Soon, 16 other universities and 11 colleges join the protest and stage a national shutdown: none of these institutions will work until the demands are met. After the Minister of Higher Education announces that the fees will only rise by 6% and mocks the students in the process, the demonstrations spread out from the campuses and reach the streets of all major cities, where the participants are joined by organisations such as the Progressive Youth Alliance and parliamentary party Economic Freedom Fighters. The vastness of the movement forces President Zuma to promise a full annulment of the rise in fees, but this is where the movement itself starts showing cracks. Even with just a regular fee, most universities are out of reach for the poor, black population. Also, divisions along gender and sexual orientation lines start to emerge, and when the 2016 school year starts, the campuses are flooded by private security, intimidating the students when they are seen meeting in groups. As a new wave of protests begins, the government deploys police armed with rubber bullets and tear gas, escalating the situation immeasurably. And Habib's role in this is in no way an innocent one…

It is a long and complicated story, and Desai shows admirable focus in telling it. He mostly follows the events at the Wits, although other schools in the country did significant things, like removing the statue of apartheid ideologue Cecil John Rhodes at the University of Cape Town.
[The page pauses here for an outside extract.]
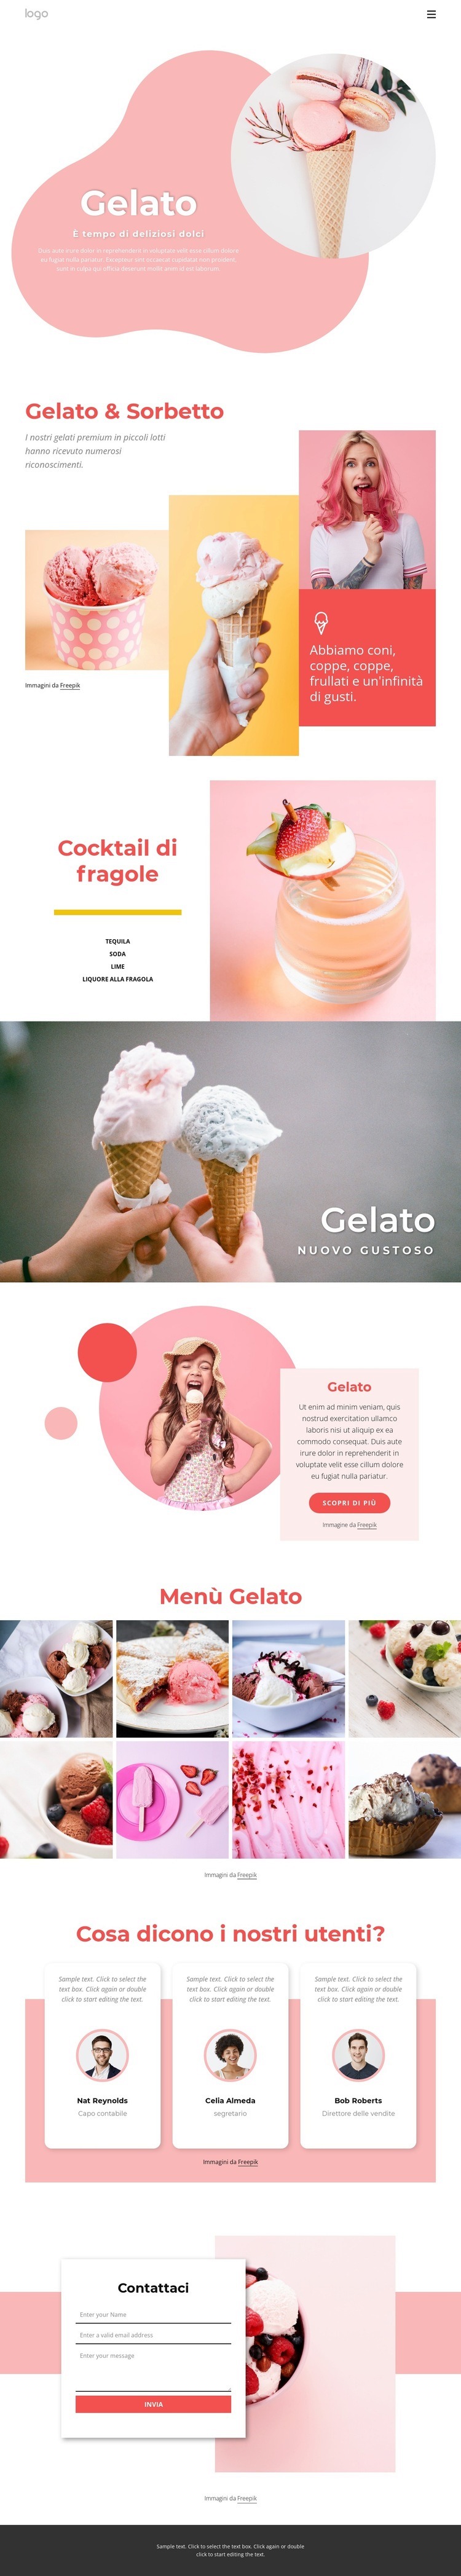 Gelato e Ffrozen yogurt Progettazione di siti web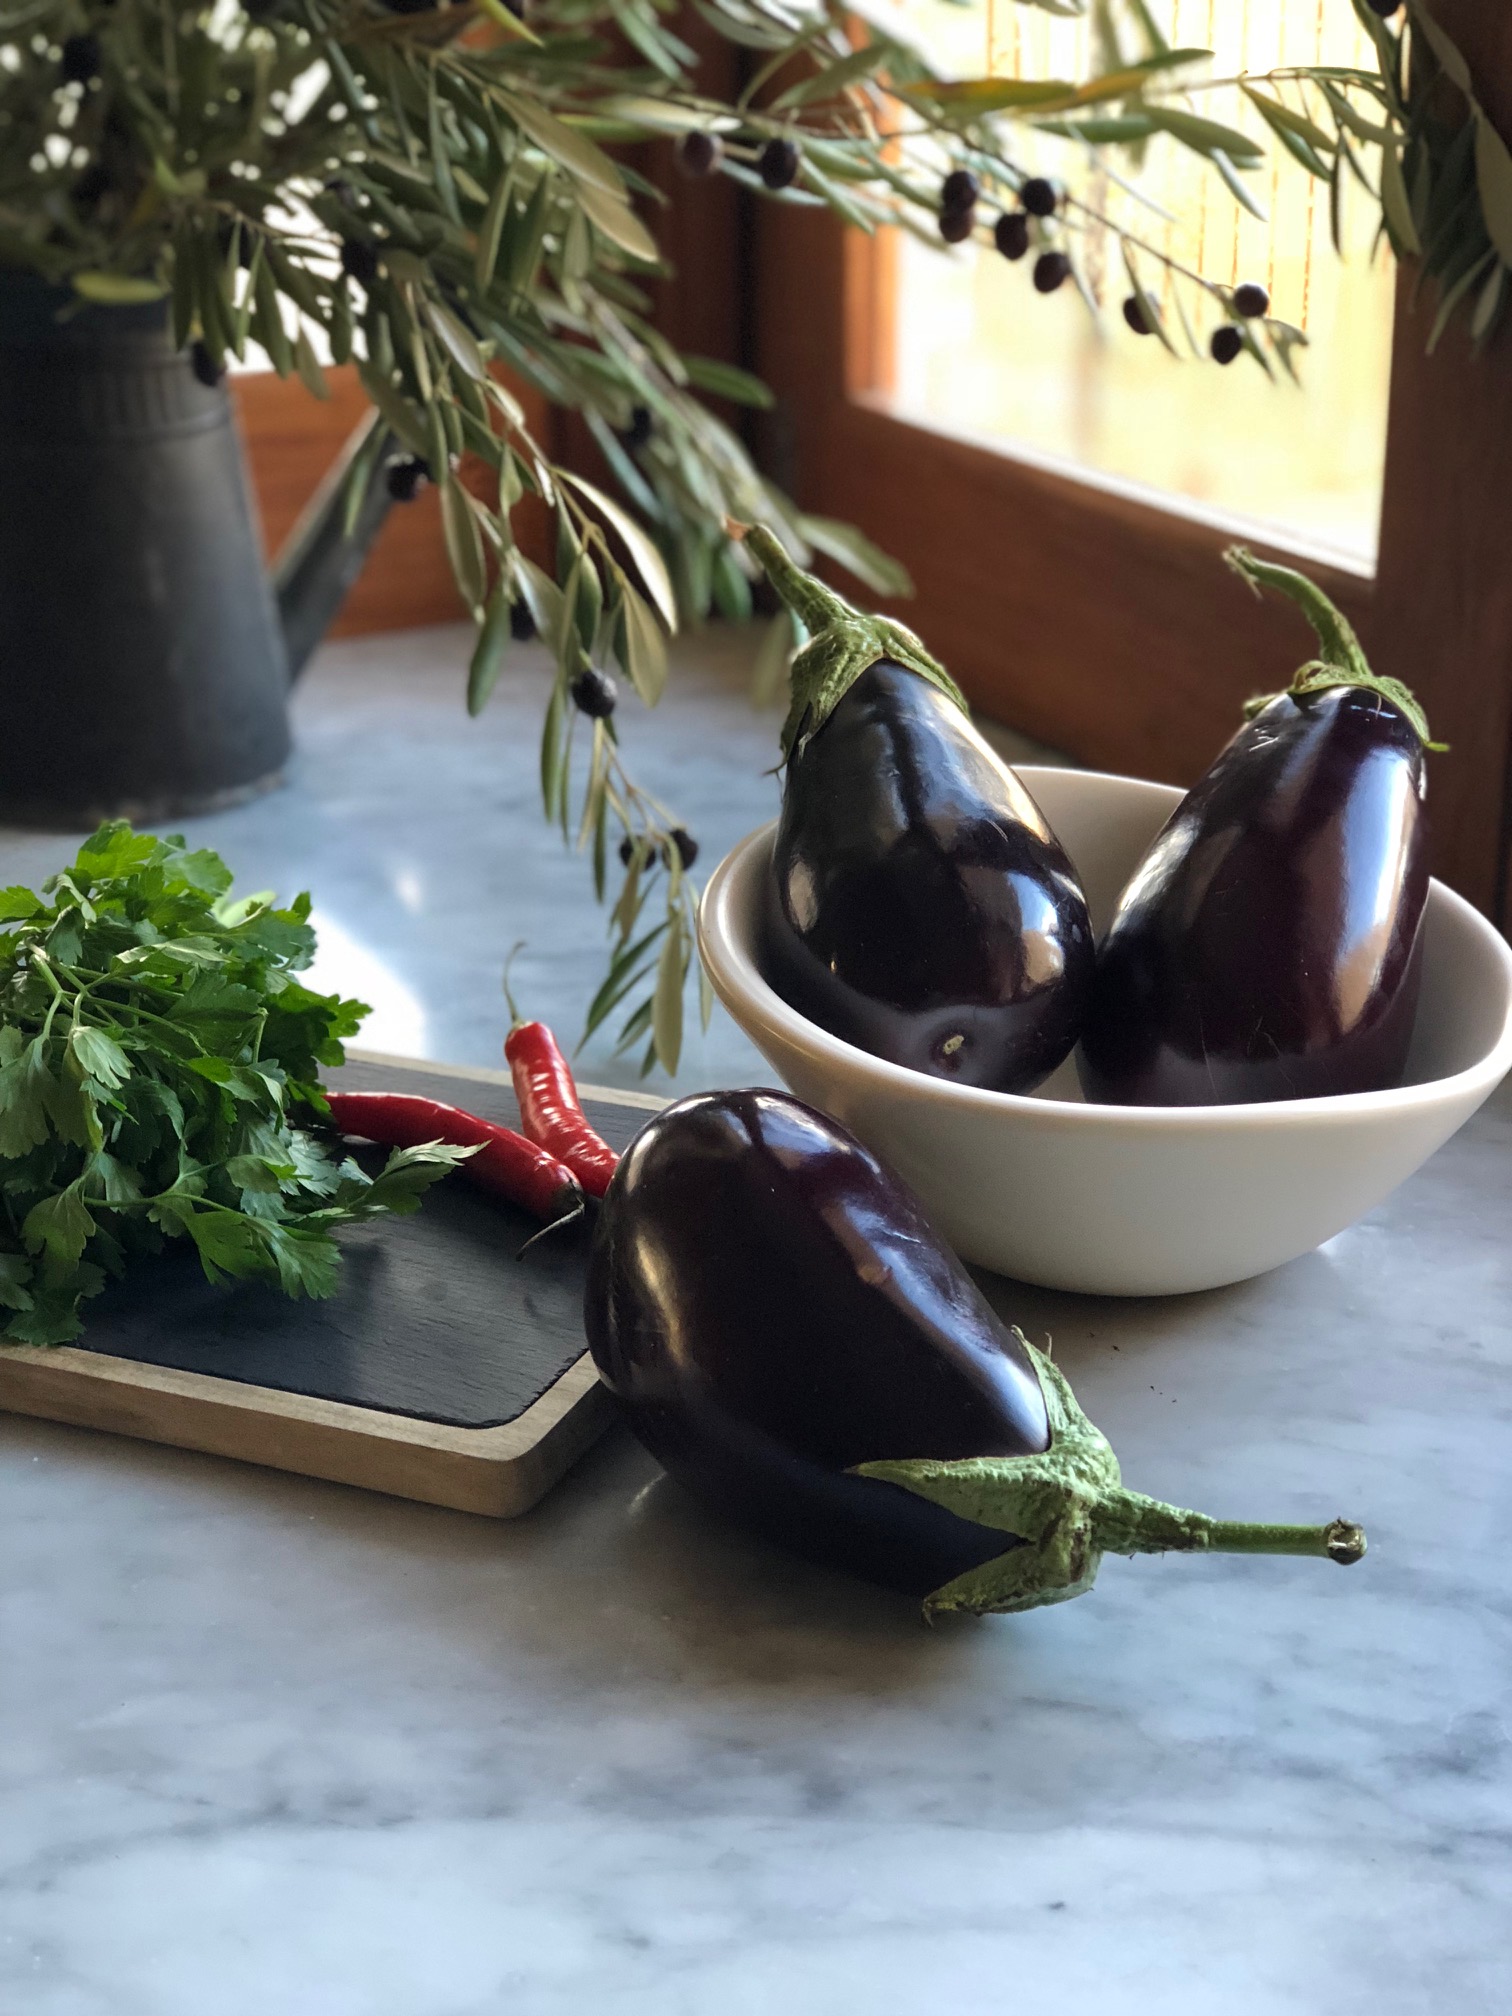 Spicy Eggplant jam

The decision to focus primarily on the women student leaders is also significant because of the inevitably intersectional nature of any protest in South Africa. 

The director uses large, slogan-like narrative titles to underline particular scenes, especially in numerous segments showing conflicts with the police, and adds in tweets from student leaders, reflecting on the key role of social media in the movement. The historical background is laid out concisely throughout the film, and all of the interviewees are more than well versed in the legacy and importance of social struggle in the country – and worldwide. Like many popular movements, Fees Must Fall has displayed many shortcomings, but this movie proves that it was undeniably a crucial instrument of tumultuous social change.

Everything Must Fall is a co-production by South Africa’s Uhuru Productions, the Netherlands’ IKONDocs and Belgium’s Story House. Germany’s Deckert Distribution has the international rights.